Desenvolver jogos spin-off de uma série pode ser uma tentativa arriscada, ainda mais considerando o número de mudanças que podem ser feitas no processo. E quando trocam a protagonista? Ou a jogabilidade? E se for um roguelite? E se fizerem todas essas mudanças ao mesmo tempo? Essa foi a ousada abordagem da Stormteller Games com Lost in Random: The Eternal Die, mas que foi muito bem aplicada e que respeitou os aspectos únicos do primeiro jogo.
Lutando contra o Tormento
Mesmo sendo um spin-off, The Eternal Die leva em conta a história de Lost in Random e acontece após os eventos do primeiro jogo. Desta vez, o jogador assume o controle da Rainha Aleksandra, a antagonista da aventura anterior.
Ela e sua fiel companheira Fortuna — um dado mágico — tentaram confrontar Maldado, uma criatura maligna que as absorveu e as enviou para um reino sombrio e cheio de pesadelos. Lá, ela perdeu todas as habilidades e precisa recuperar suas forças para voltar ao Reino do Aleatório.
Porém, para conseguir sair, Aleksandra precisa derrotar Tormento, o Cavaleiro, uma versão encarnada do Maldado nessa realidade sombria.

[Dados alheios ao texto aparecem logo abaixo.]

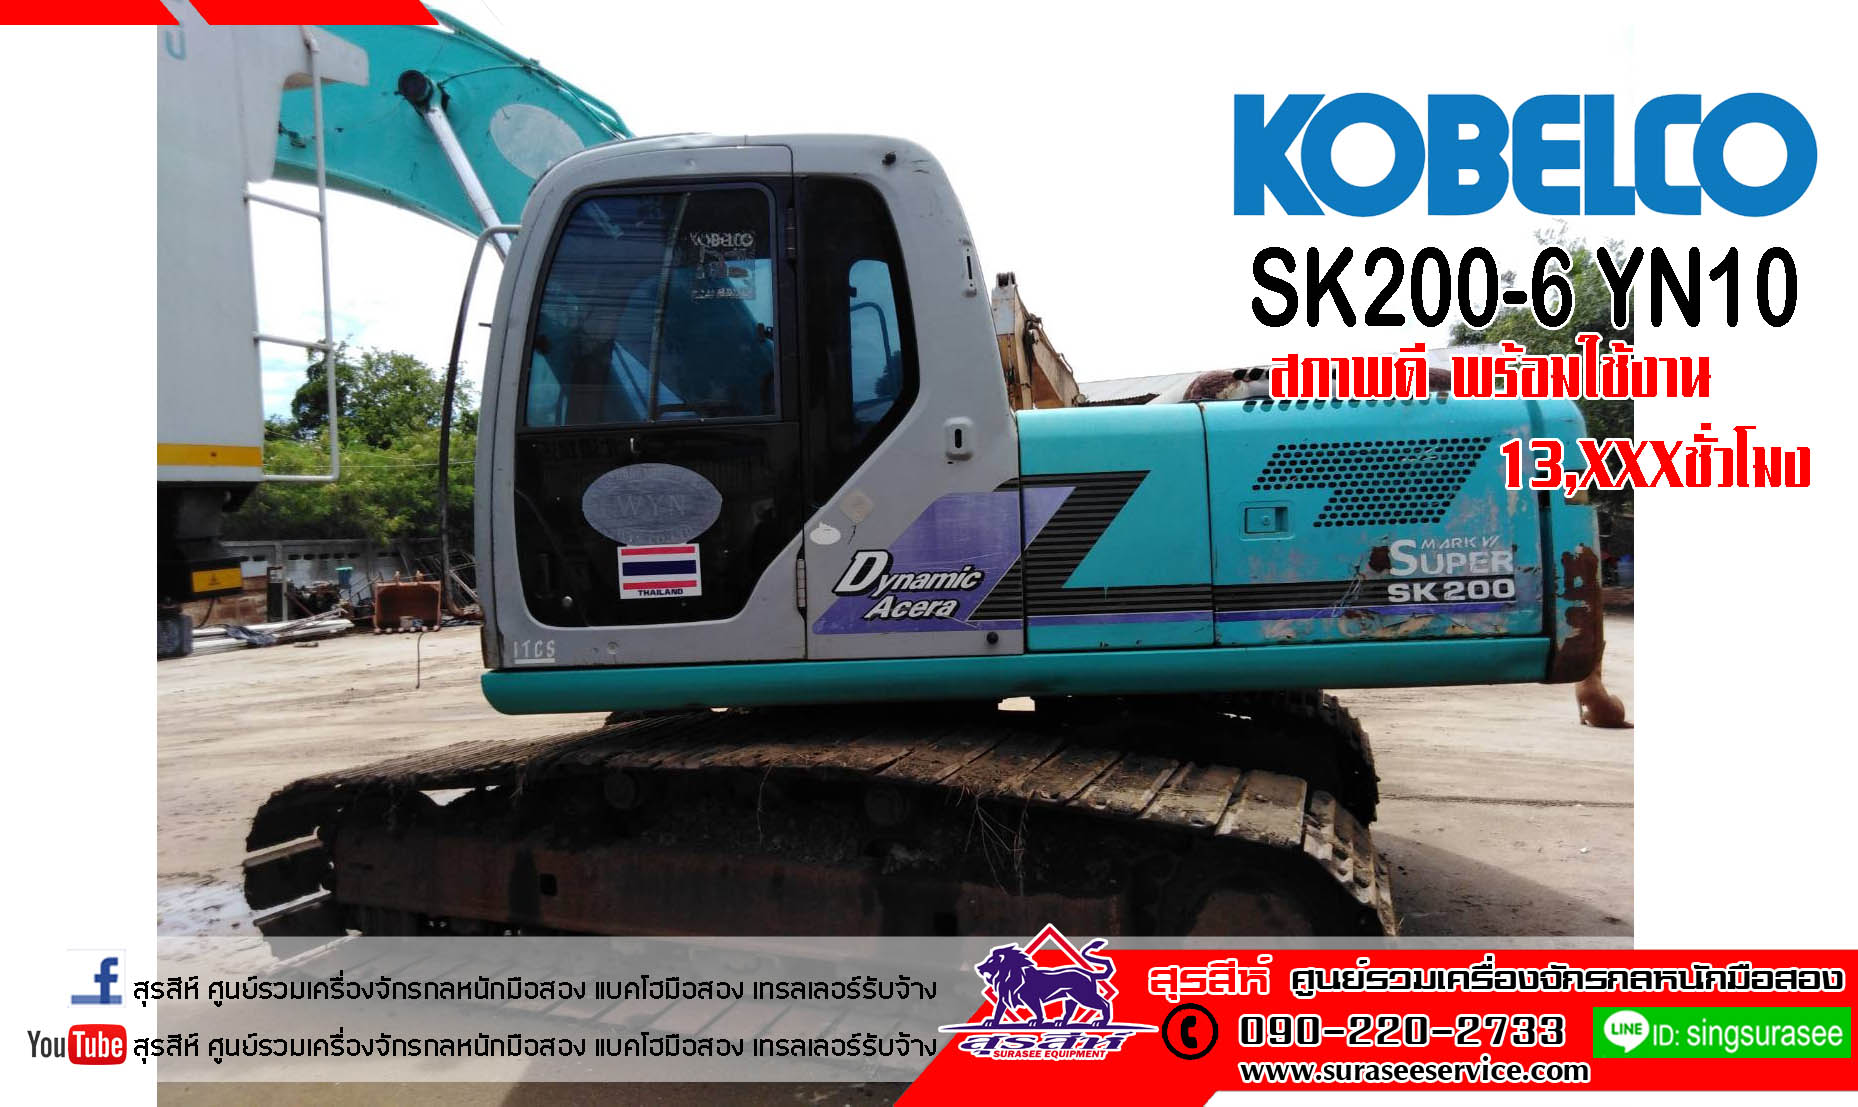 ขายรถขุดมือสอง KOBELCO SK200-6 YN10 ใช้งาน 13,xxx ชั่วโมง สภาพดี พร้อมใช้งาน

Portanto, não há outro jeito de se salvar a menos que a vingança contra o Maldado esteja completa.
Enquanto a dupla permanece presa nessa realidade, serão obrigadas a participar de um “jogo”, onde terão que derrotar uma série de criaturas e servos do Maldado ao longo de quatro regiões distintas conectadas por portais criados por Tormento.
E nessa busca para conseguir recuperar seu trono, Aleksandra será obrigada a se reencontrar com aspectos do seu passado que a farão refletir sobre que tipo de rainha ela é.
Personagens e visuais com estilo único
Nessa nova aventura, o visual de Lost in Random continua com seu estilo gótico juvenil, bem inspirado em clássicos do Tim Burton, com personagens esquisitos e cativantes. O trabalho de voz é bem feito e faz com que todas as criaturas que você ajuda e enfrenta durante a jornada despertem o interesse do jogador em saber mais sobre elas.
Os personagens também servem como recurso narrativo para trazer informações do passado da rainha, bem como acontecimentos do primeiro jogo. Mesmo assim, quem não conhece a fundo a história do Lost in Random original vai se sentir perdido com certas referências e diálogos. Porém, não acho que seja um aspecto que atrapalhe a experiência, já que o foco do jogo é muito maior no combate.
Nesses momentos, o glossário será uma ferramenta útil. É uma forma de trazer todas as informações necessárias para quem se empolgou em conhecer o universo, sem ter que criar diálogos longos e expositivos que travariam a jogatina.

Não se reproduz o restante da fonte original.